I know some people really want programming to just be an application of the lambda calculus. It's a model that really appeals to people who prefer a top-down, deductive model to their work. It's similar to the appeal that draws people to Austrian economics.
And yet that is not the original model for thinking about software, nor the only valid one. Haskellers who rely solely on deductive arguments in favor of their method are going to be stuck forever wondering why so few people are using their clearly superior tool.
Less accurate "models" for "thinking about software" are less accurate, and whether they were thought of first or last has no bearing on that. The fact that you're using "earliest date of discovery" as supporting evidence demonstrates that you're not approaching the question as an objective observer.
This isn't a popularity contest, though if you were measuring popularity based on positive impact, that of Haskell has been substantial.
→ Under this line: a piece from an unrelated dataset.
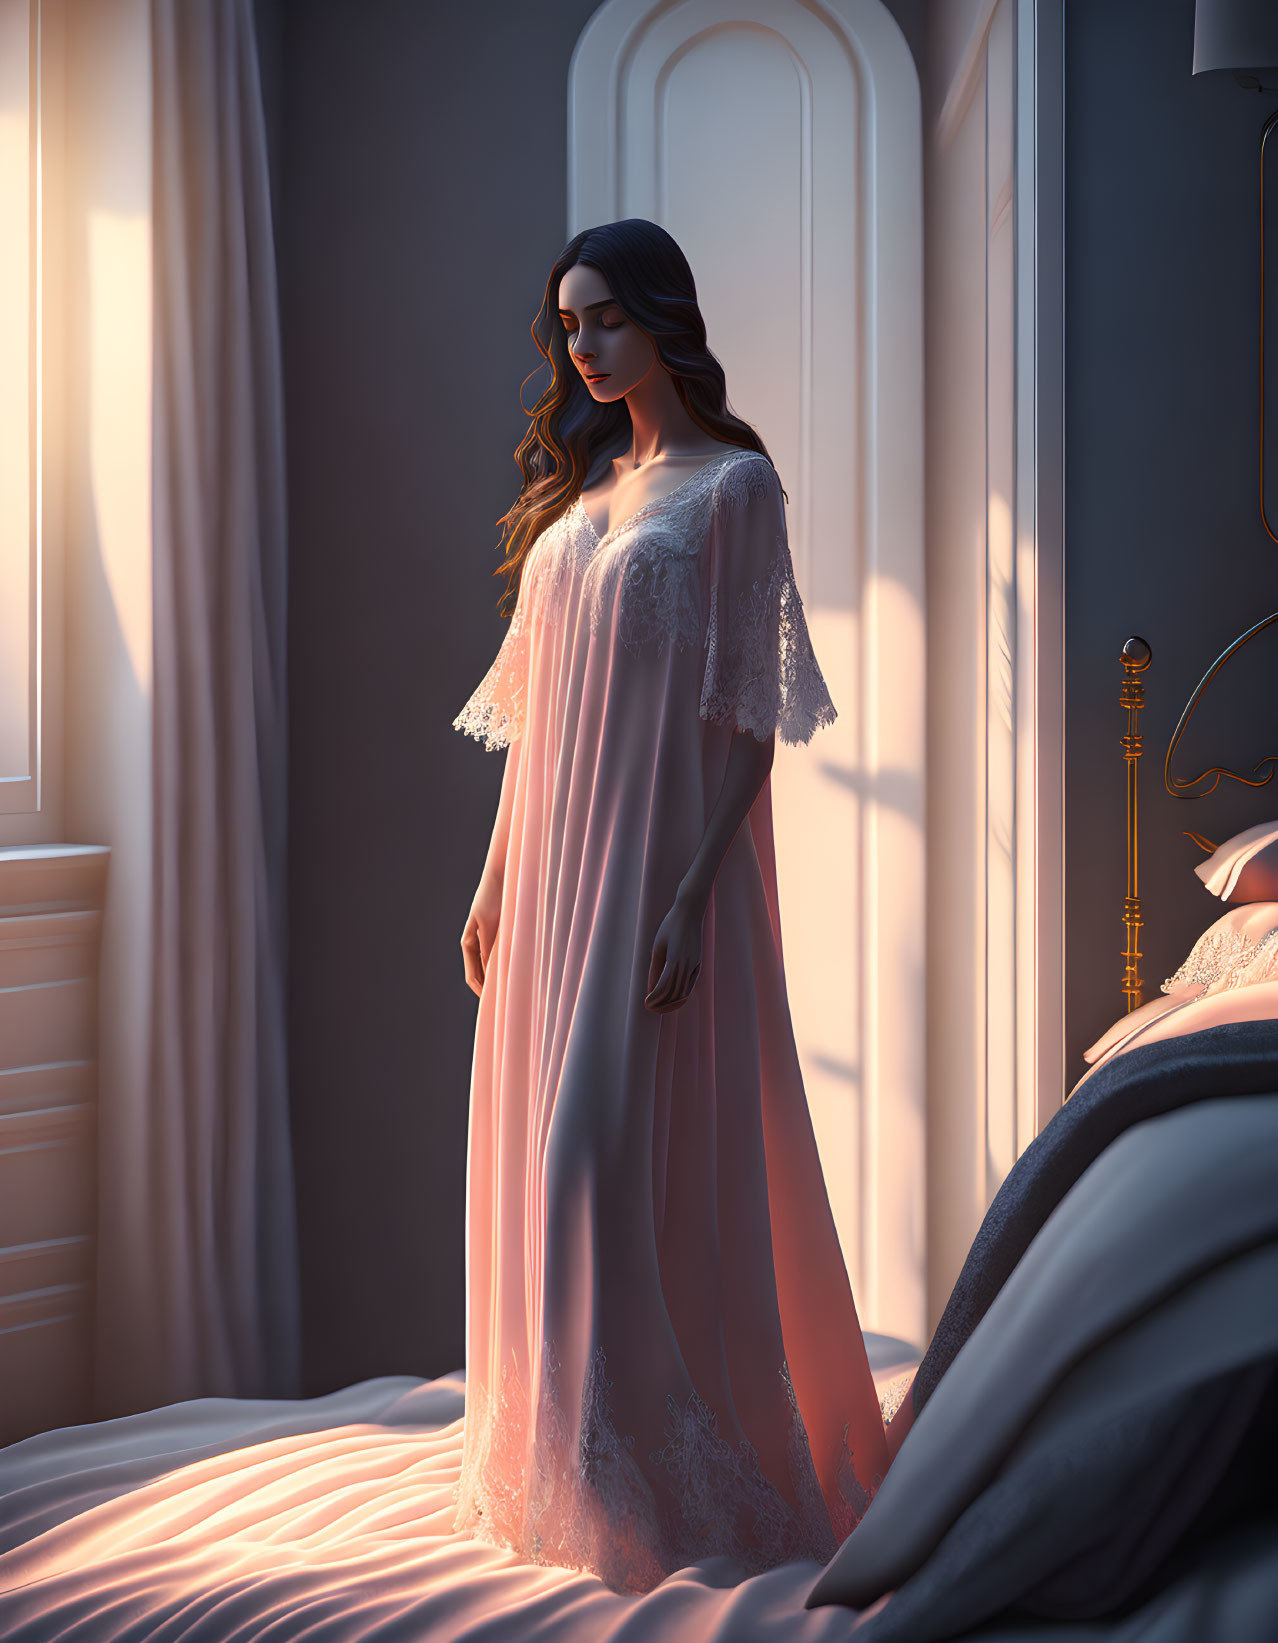 Serene woman in flowing nightgown by bed at dawn
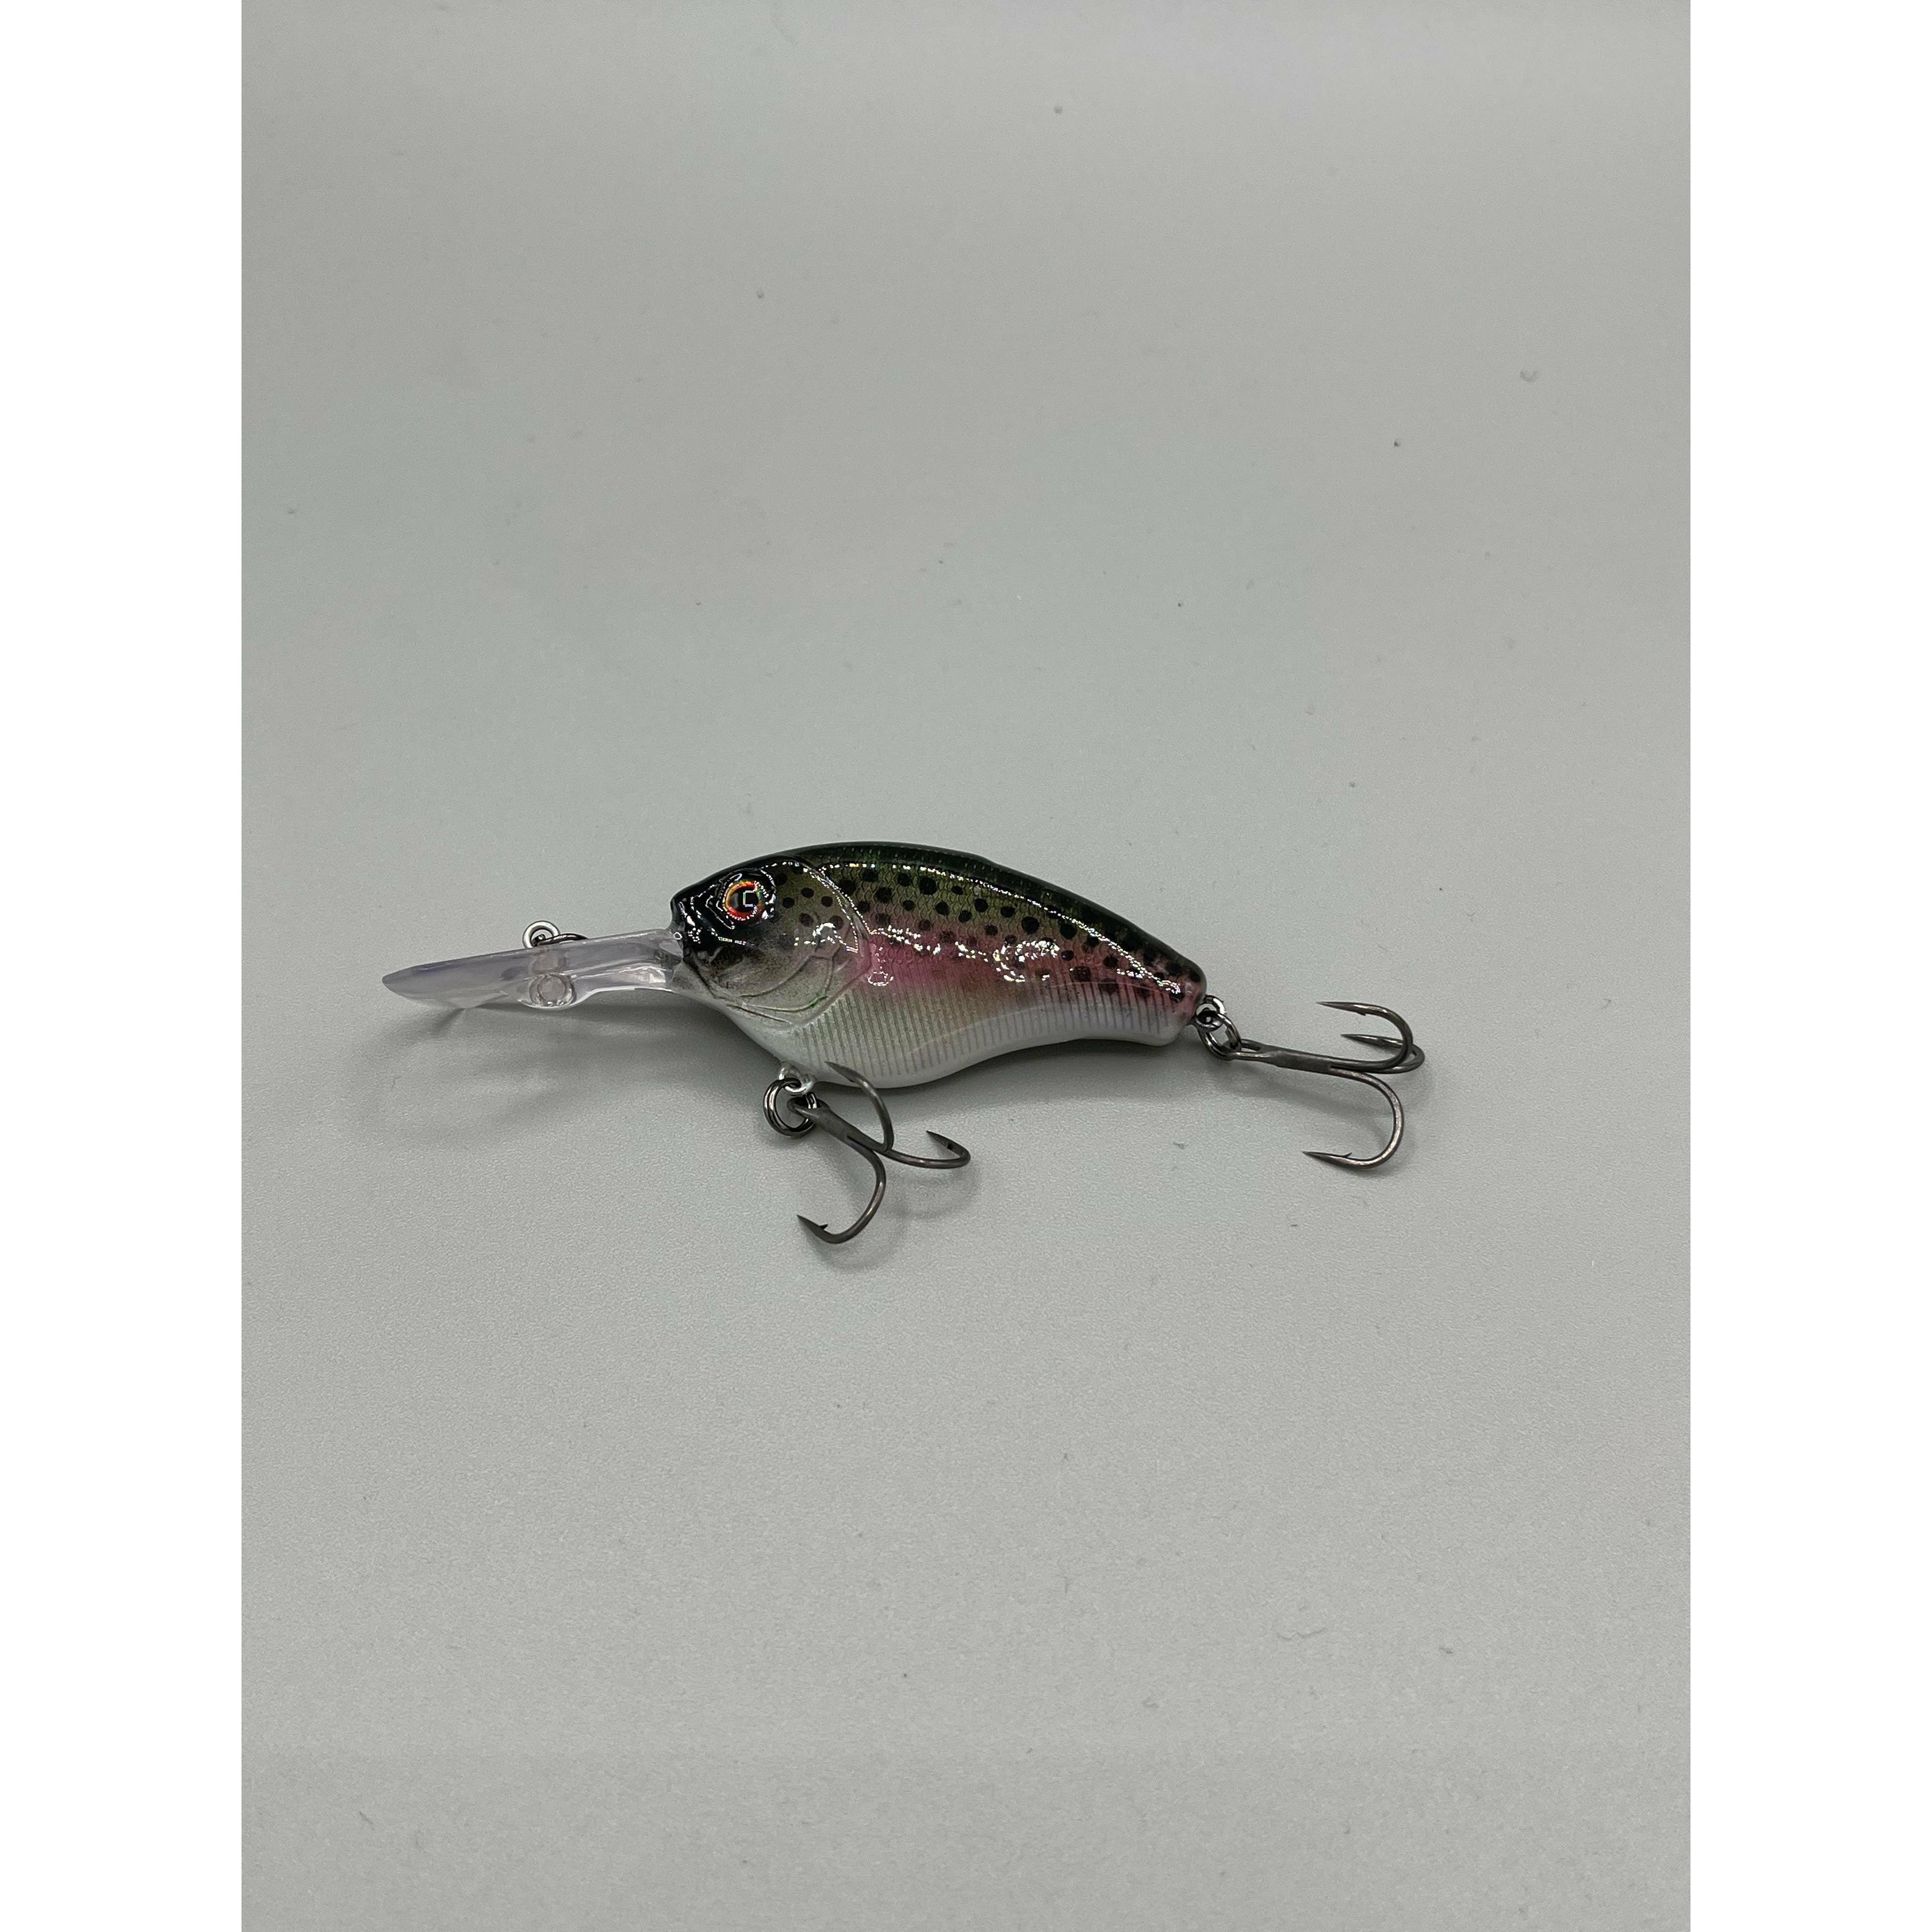 Buy flat-sided-trout WESTONS BIG TIMIN CUSTOM LURES CRANKBAIT&#39;S

The only advantage to leveraging simpler and less accurate models is that they're easier for the people using them to understand at a micro scale -- at the cost of systemic accuracy and verifiability.
In being less accurate, they create systems that are more difficult to understand, more difficult to abstract and compose, more difficult to optimize, and more difficult to measure.
There's something destructive and anti-intellectual about trying to convince the world that deductive reasoning is just a matter of opinion.